The loop is spinning at the product level. It has not yet reached the foundry level. The question that determines whether Intel at $76–82 is cheap or expensive over the next 18 months is simple: Does the product-level flywheel generate enough cash and enough time for the foundry-level flywheel to engage before the AI infrastructure cycle peaks?
The Strategic Position
Intel is not a foundry company. It may never be a foundry company in the way TSMC is a foundry company, with dozens of fabless customers across the design ecosystem. What Intel is becoming, under Tan, is something different: a vertically integrated manufacturer of x86 server processors with a packaging services business and a selective external foundry operation funded by the U.S. government’s strategic interest in domestic leading-edge capacity.
That’s a less exciting pitch than “the Western TSMC.” But it may be a more honest and more achievable one. The product franchise is generating real cash, $4B of quarterly segment operating income, and the demand environment for server CPUs is the strongest it’s been in a decade. If Intel can convert that demand into sustainable earnings while gradually shrinking foundry losses through higher internal utilization and selective external wins (packaging first, wafers later), the financial model starts working without requiring Intel to become something it has never been.
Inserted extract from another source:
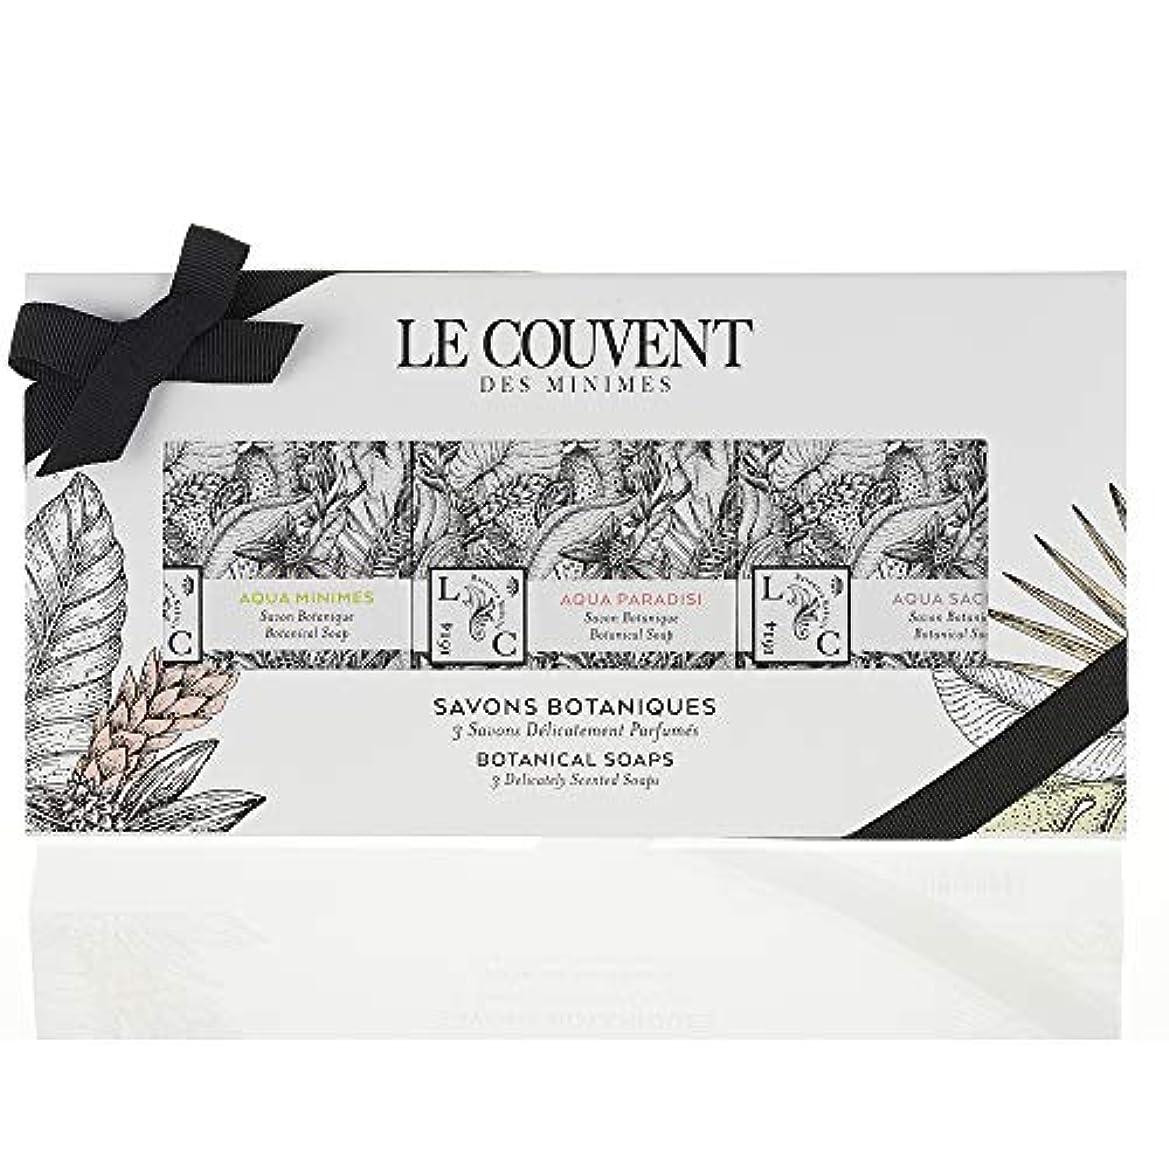 投資するフラグラント反発するクヴォン?デ?ミニム(Le Couvent des Minimes) ボタニカル ソープセット 石鹸 アクアミニム ボタニカルソープ、アクアパラディシ ボタニカルソープ、アクアサクラエ ボタニカルソープ各50g
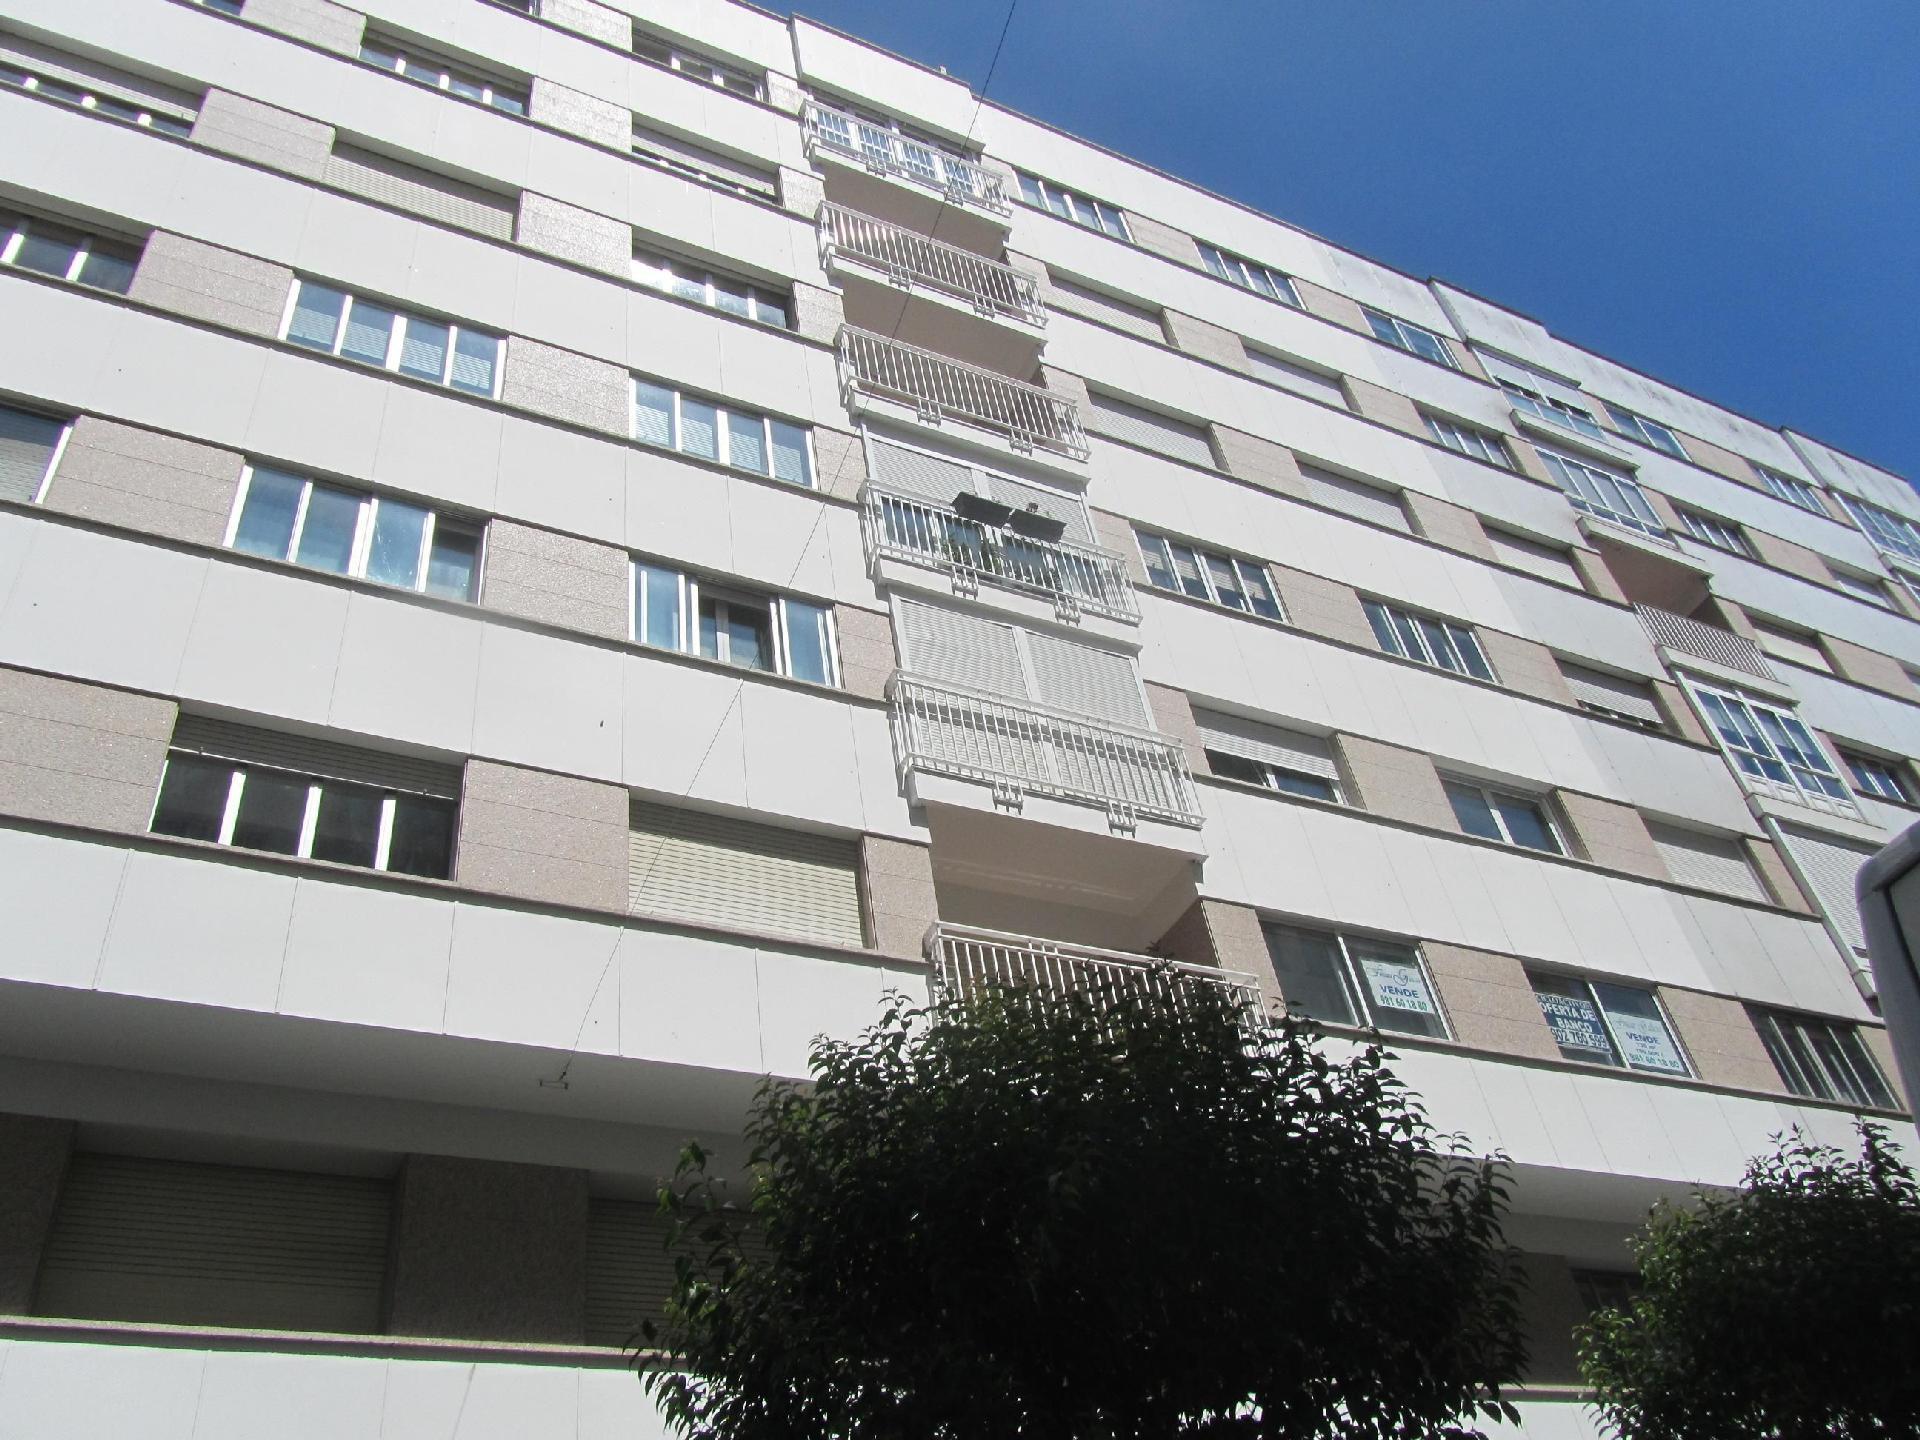 Ferienwohnung für 5 Personen ca. 111 m²    Galizien

The risk, as always with Intel, is that the current strength is cyclical, not structural. Server CPU demand is booming because AI infrastructure is being built out at unprecedented scale. That build-out will slow at some point. When it does, Intel’s supply constraints will vanish, its pricing power will erode, and the bears will re-emerge with the same arguments they’ve always had: AMD is eating x86 share, Arm is eating x86 TAM, and the foundry burns $10 billion a year.
The difference between this moment and 2024 is that Intel now has 18 months of demonstrated execution under a credible CEO, a balance sheet that can absorb another cycle, strategic investors who are economically aligned with the turnaround, and, for the first time, a demand environment where the product franchise and the manufacturing base reinforce each other rather than competing for capital. Those are real assets.
Whether they’re worth $400 billion depends on a race between two clocks: the product flywheel generating cash, and the foundry flywheel consuming it. This quarter showed the product clock accelerating. The foundry clock hasn’t slowed yet. The bull case is that the gap between them is closing. The bear case is that the AI cycle will peak before it does.
I don’t know which clock wins. But after Q1 2026, I know this is a race worth watching, and that’s a sentence nobody would have written about Intel eighteen months ago.